New findings suggest that the device not only predicted solar eclipses, but also organized the calendar in the four-year cycles of the Olympiad, forerunner of the modern Olympic Games.  In the July issue of the journal “Nature”  it is also posited that the mechanism’s conception originated in the colonies of Corinth, possibly Syracuse, on Sicily — an implication of a connection with Archimedes.

Archimedes lived in Syracuse and died in 212 BC.  He invented a planetarium calculating motions of the Moon and the known planets, and wrote a lost manuscript on astronomical mechanisms.  Previous evidence had linked the complex device of gears and dials to the island of Rhodes and the astronomer Hipparchos, who had made a study of irregularities in the Moon’s orbit.

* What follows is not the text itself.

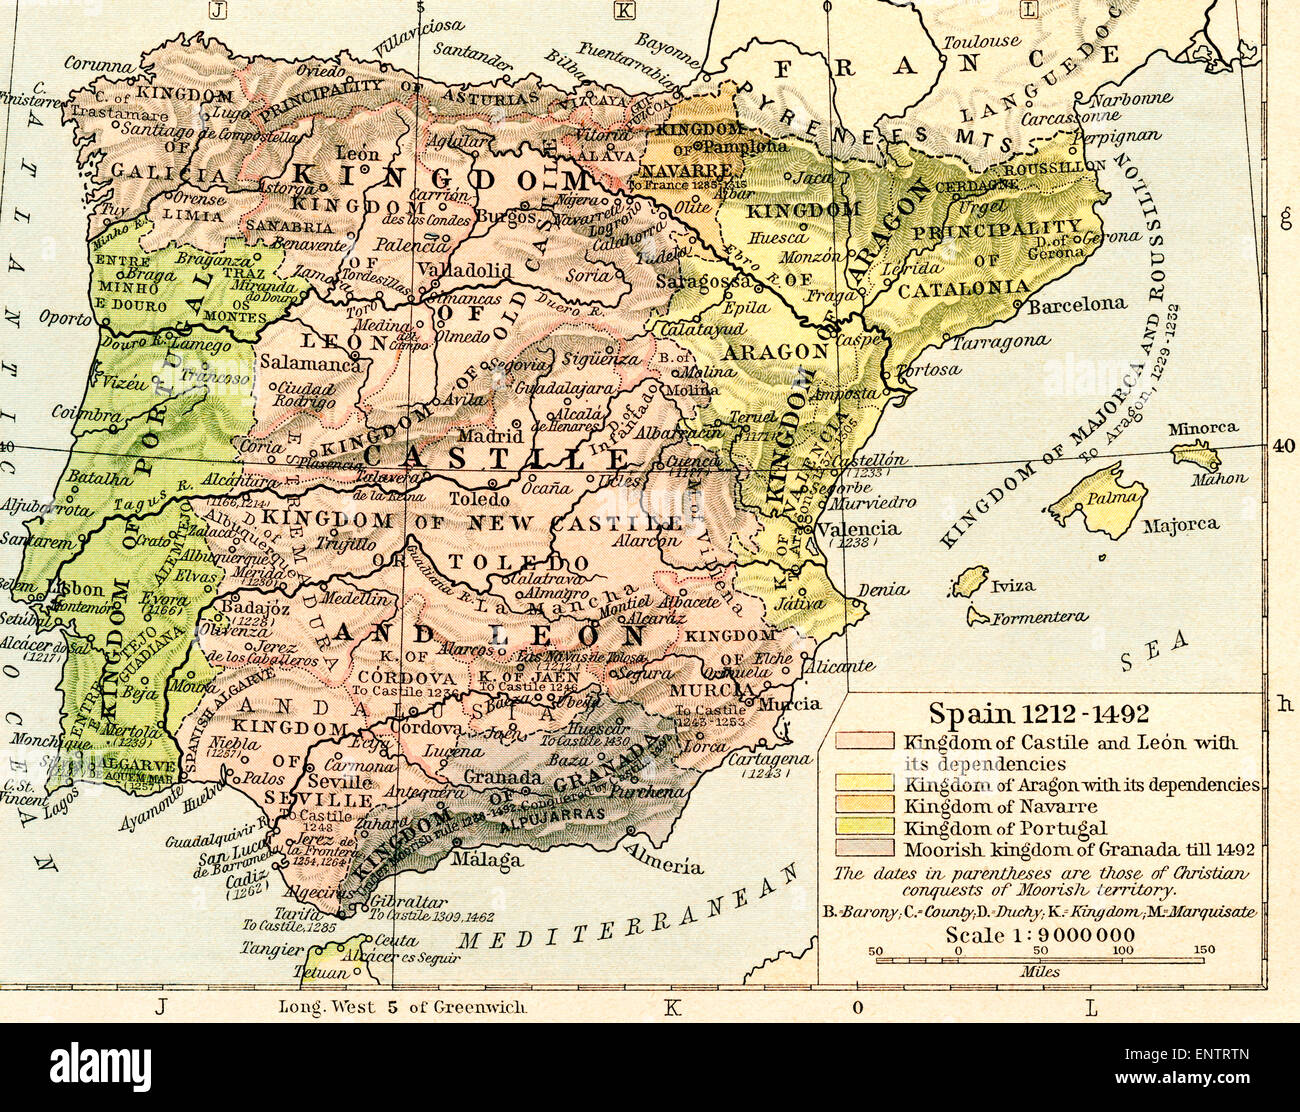 Map of Spain, 1212-1492.  Showing the kingdom of Castile and León with its dependencies,  kingdom of Aragon with its dependencies, kingdom of Navarre, kingdom of Portugal and Moorish kingdom of Granada till 1492. Stock Photo

Now, applying high-resolution imaging systems and three-dimensional X-ray tomography, experts have been able to decipher inscriptions and reconstruct functions of the bronze gears on the mechanism.  The latest findings have revealed details of dials on the instrument’s back side, including the names of all 12 months of the ancient calendar.

Tony Freeth, a mathematician and filmmaker, led a team for the Antikythera Mechanism Research Project in Cardiff, Wales.  He says the month names “are unexpectedly of Corinthian origin,” which suggests a “heritage going back to Archimedes.”

The Corinthian connection was unexpected, the researchers say, because other cargo in the shipwreck appeared to be from the eastern Mediterranean, places like Kos, Rhodes and Pergamon.

The months inscribed on the instrument “are practically a complete match” with those on calendars from Illyria and Epirus in northwestern Greece and with the island of Corfu.  Seven months suggest a possible link with Syracuse.

Inscriptions showed that one of the instrument’s dials was used to record the timing of the pan-Hellenic games, a four-year cycle that was “a common framework for chronology” by the Greeks, the researchers said.

“The mechanism still contains many mysteries,” says Dr Freeth, among which is the place of the mechanism in the development of Greek technology.  Several references to similar instruments appear in classical literature, including Cicero’s description of one made by Archimedes.  But this one is the sole surviving example.

According to Freeth, who is also associated with Images First Ltd in London, the Metonic calendar was designed to reconcile the lengths of the lunar month with the solar year.  Previously, no month names had been known on such a claendar.  Such a calendar illustrates the influence of Babylonian astronomy on the Greeks.  The calendar was used by Babylonians from at least the early fifth century BC.